Published 04/08/2021, 10:59 PM
Updated 04/09/2021, 05:20 AM
© Reuters. FILE PHOTO: Congressional delegation to Amazon plant

By Mike Spector and Jeffrey Dastin

(Reuters) - Roughly 500 ballots submitted in Amazon.com (NASDAQ:AMZN) Inc’s landmark union election have been challenged in a contest that will determine whether an Alabama warehouse becomes the online retailer’s first organized workplace in the United States, people familiar with the matter said.

With about half of roughly 3,200 ballots counted, the election is currently poised to result in workers rejecting a unionization push by a more than 2-1 margin, potentially dealing a blow to organized labor.

The challenged ballots could take on significance if the union meaningfully closes the gap when additional votes are counted. The U.S. National Labor Relations Board would adjudicate the disputed ballots if necessary to determining the outcome.

Representatives for Amazon and the Retail, Wholesale and Department Store Union (RWDSU) challenged the ballots during closed-door election proceedings that lasted more than a week before U.S. officials began publicly counting votes. They were able to question ballots on suspicion of tampering, a voter's eligibility and other issues.

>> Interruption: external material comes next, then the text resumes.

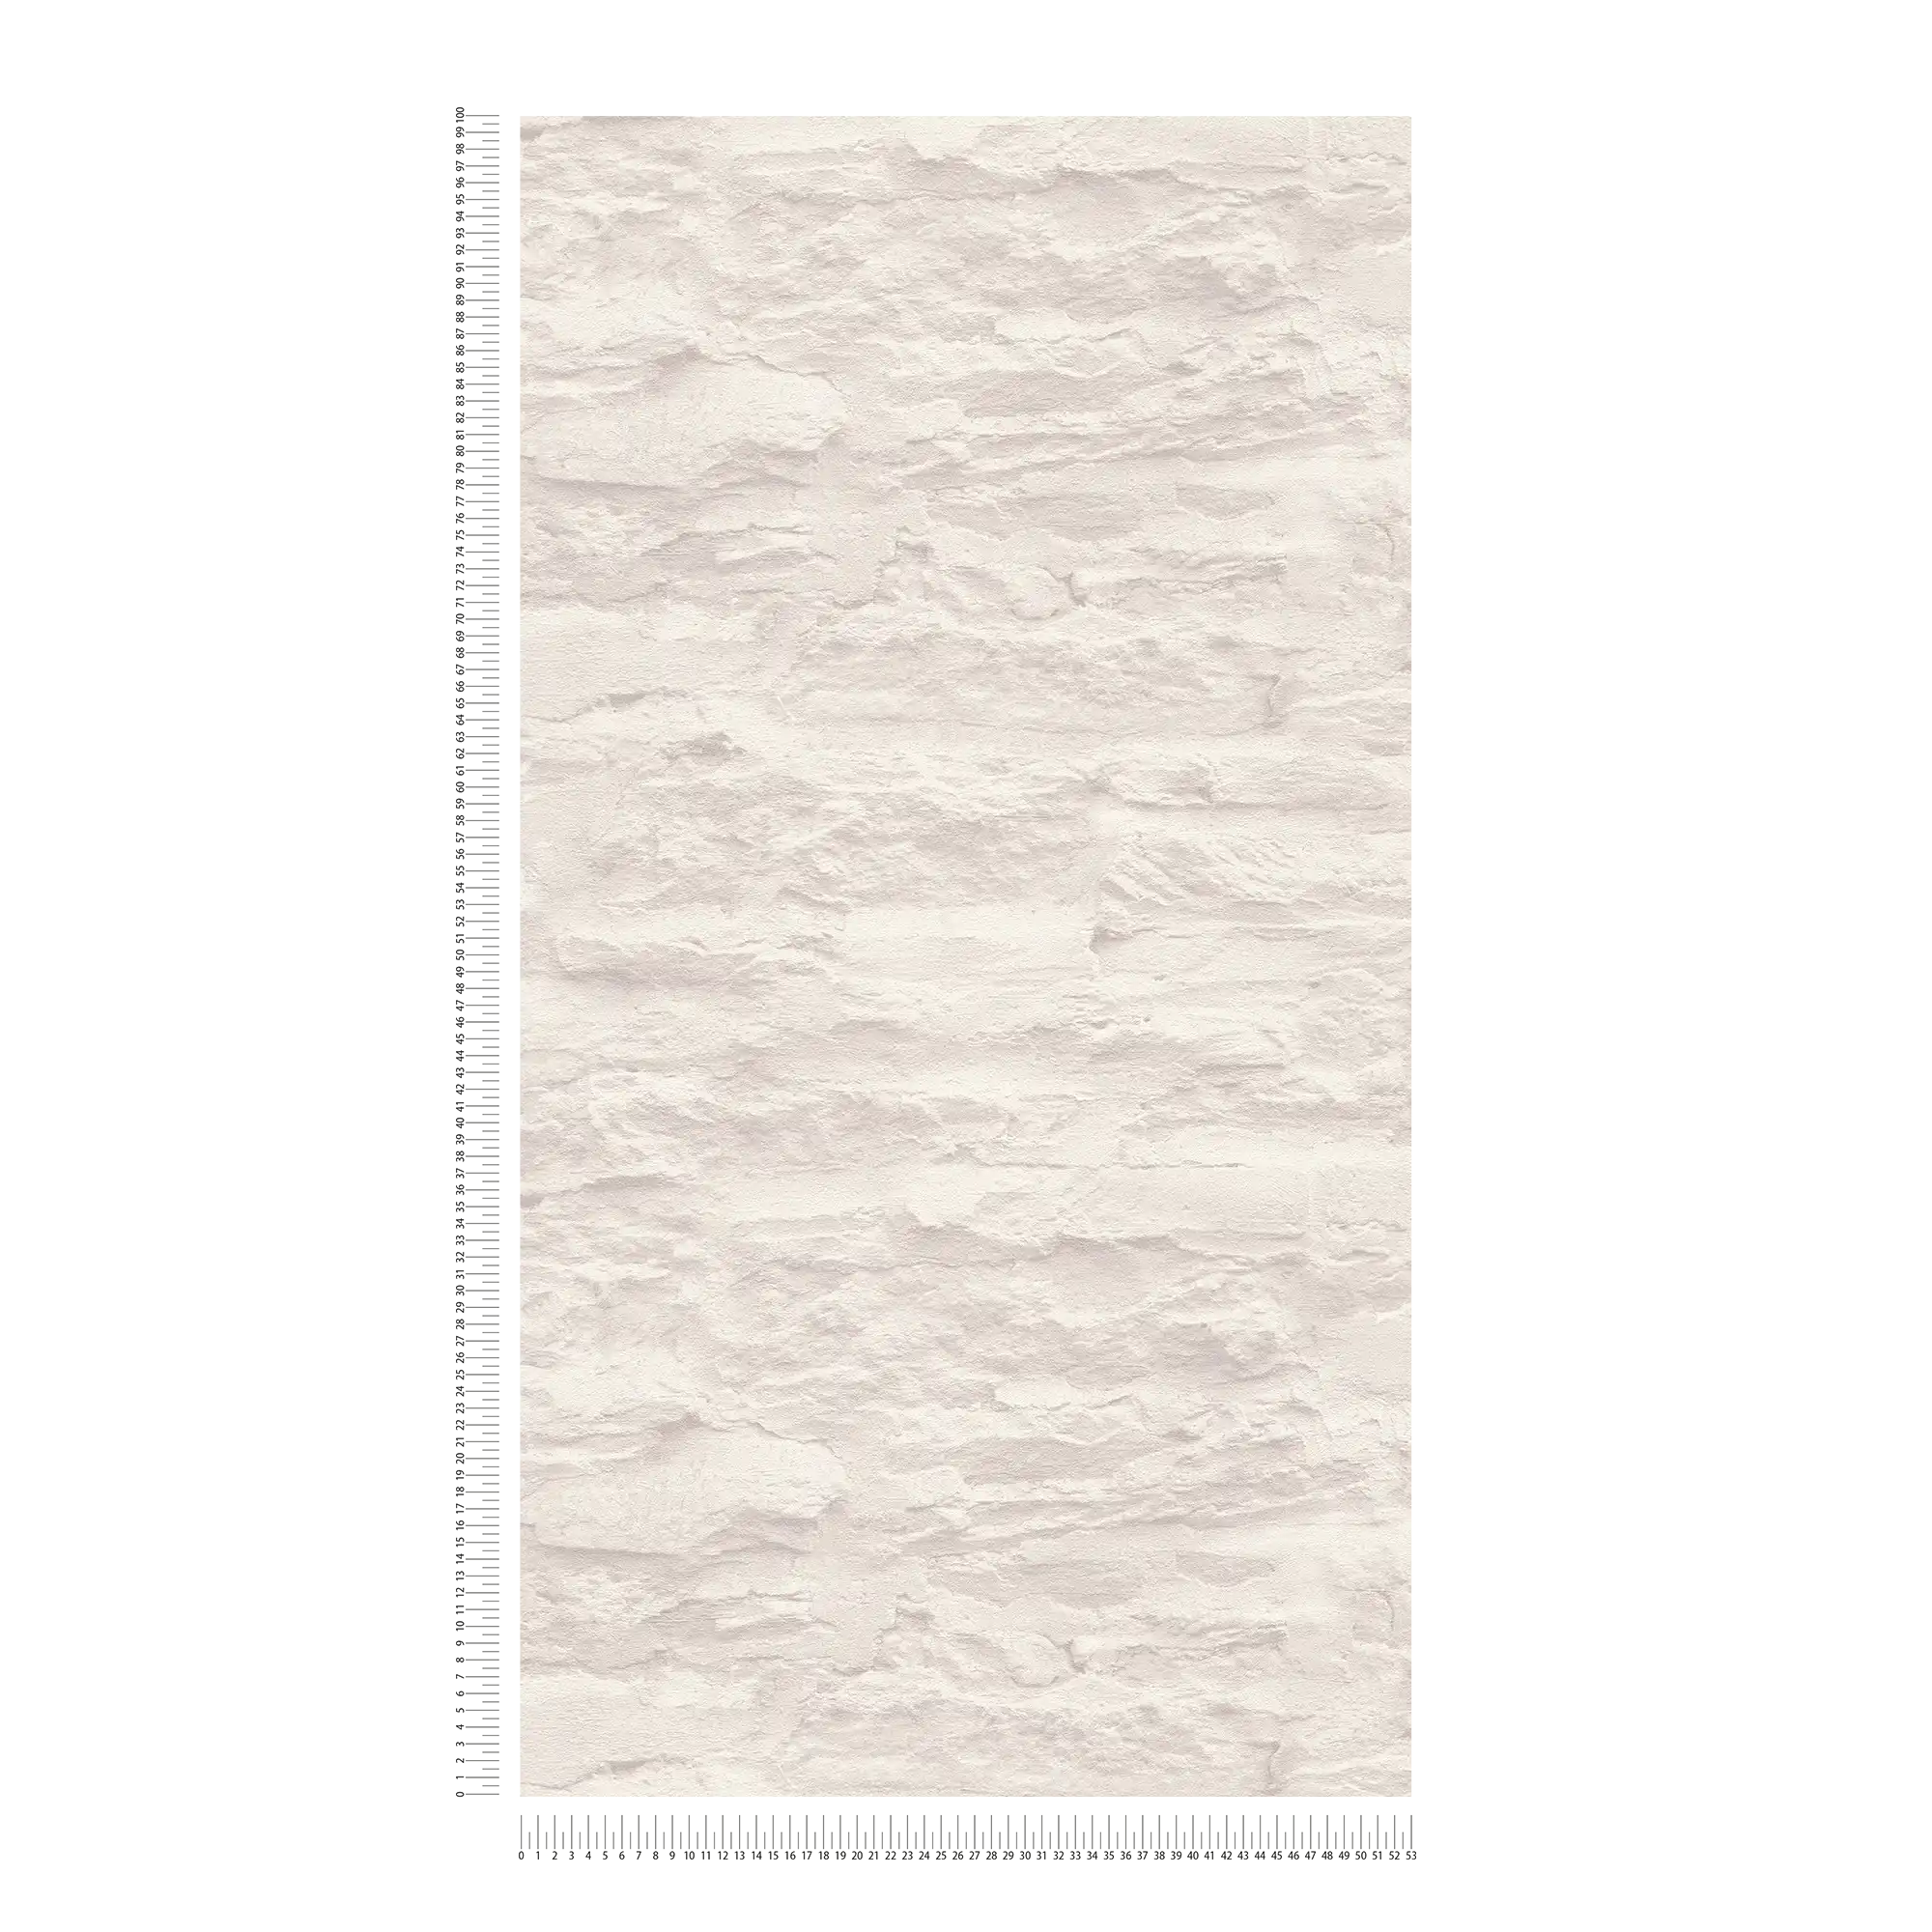             Papier peint intissé clair imitation mur avec pierres naturelles & crépi - crème, blanc

It is not clear how many votes each side challenged. The union on Wednesday said hundreds of ballots were contested, mostly by Amazon. The company has not commented on that claim.

Of the 3,215 ballots received, workers have so far voted 1,100-463 against forming a union at the warehouse in Bessemer, Alabama, after several hours of counting on Thursday. The vote count will resume at 8:30 a.m. CT (1330 GMT) on Friday.

Unionizing Amazon, the second-largest private employer in America, has been a goal for the U.S. labor movement, which is aiming to reverse long-running declines in membership. Union membership fell to 11% of the eligible workforce in 2020 from 20% in 1983, the U.S. Bureau of Labor Statistics has said.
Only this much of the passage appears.